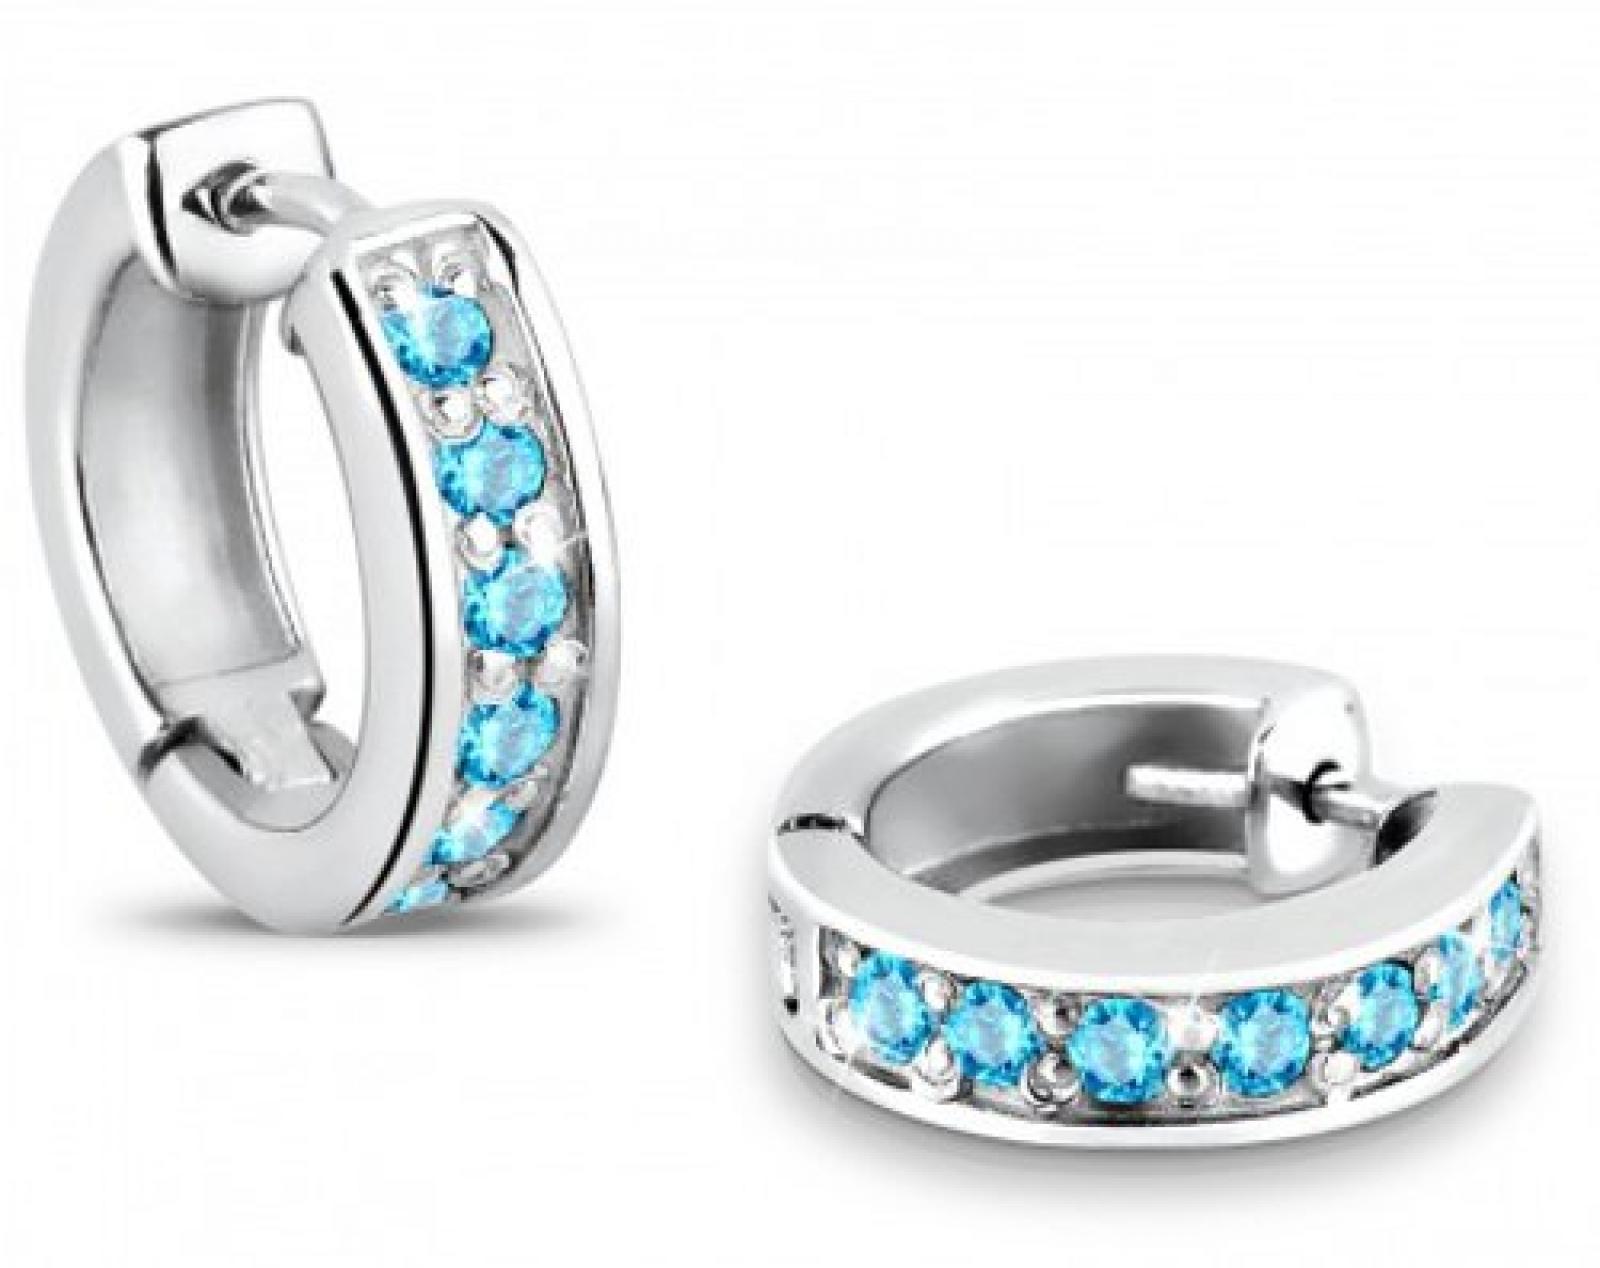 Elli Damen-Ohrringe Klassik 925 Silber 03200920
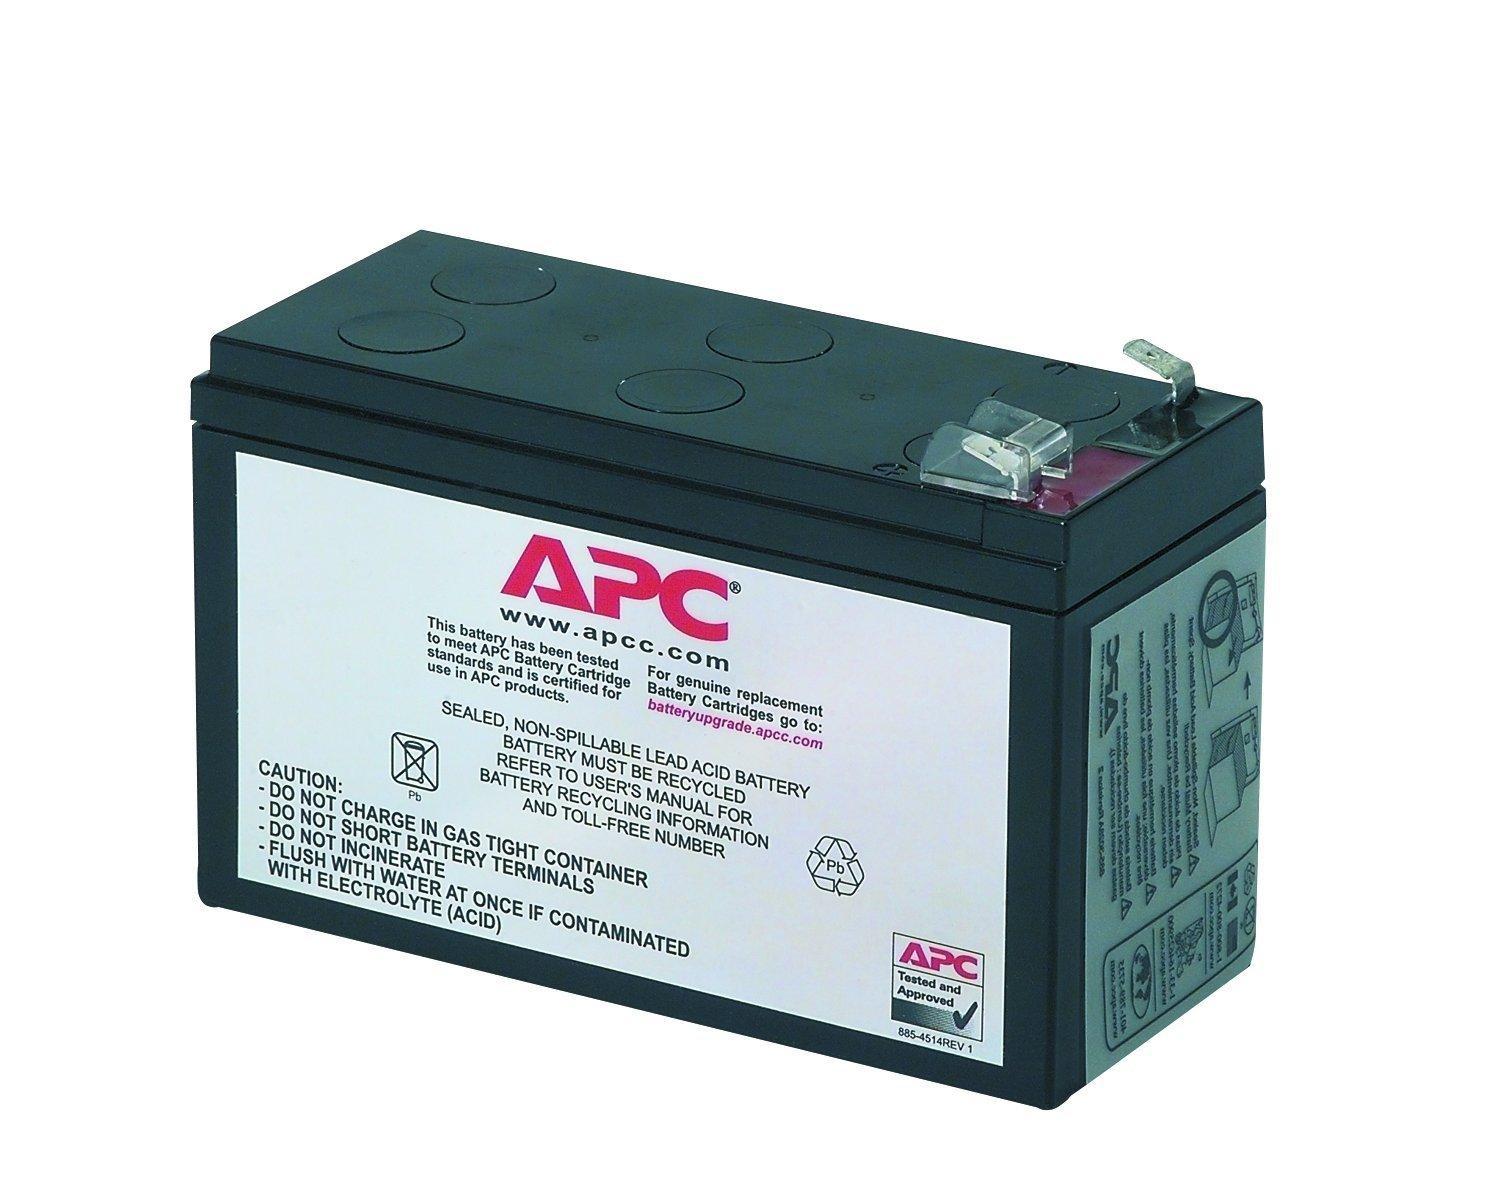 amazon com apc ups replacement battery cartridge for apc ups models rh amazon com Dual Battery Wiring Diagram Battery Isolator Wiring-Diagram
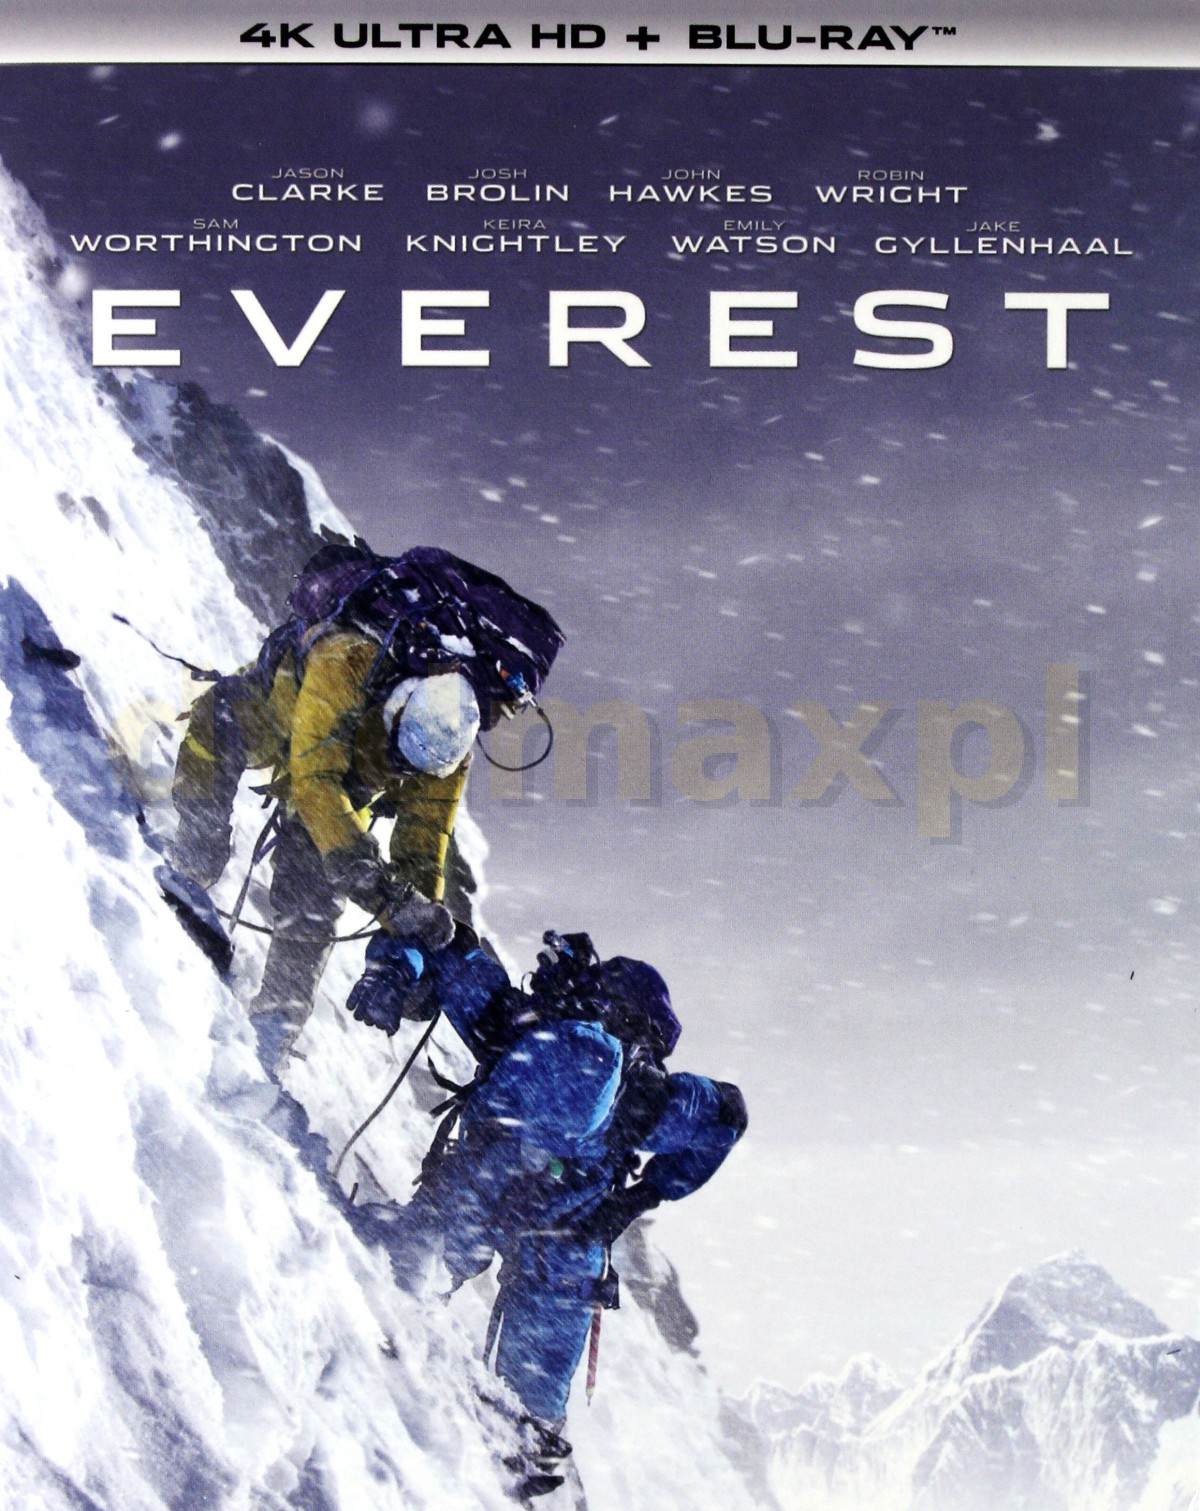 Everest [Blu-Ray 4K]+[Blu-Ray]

[Work instructions]
Retype the data in full. Images do not go in the copy.

[Answer space]
 Elli Damen-Ohrringe Klassik 925 Silber 03200920
 amazon com apc ups replacement battery cartridge for apc ups models rh amazon com Dual Battery Wiring Diagram Battery Isolator Wiring-Diagram
 Everest [Blu-Ray 4K]+[Blu-Ray]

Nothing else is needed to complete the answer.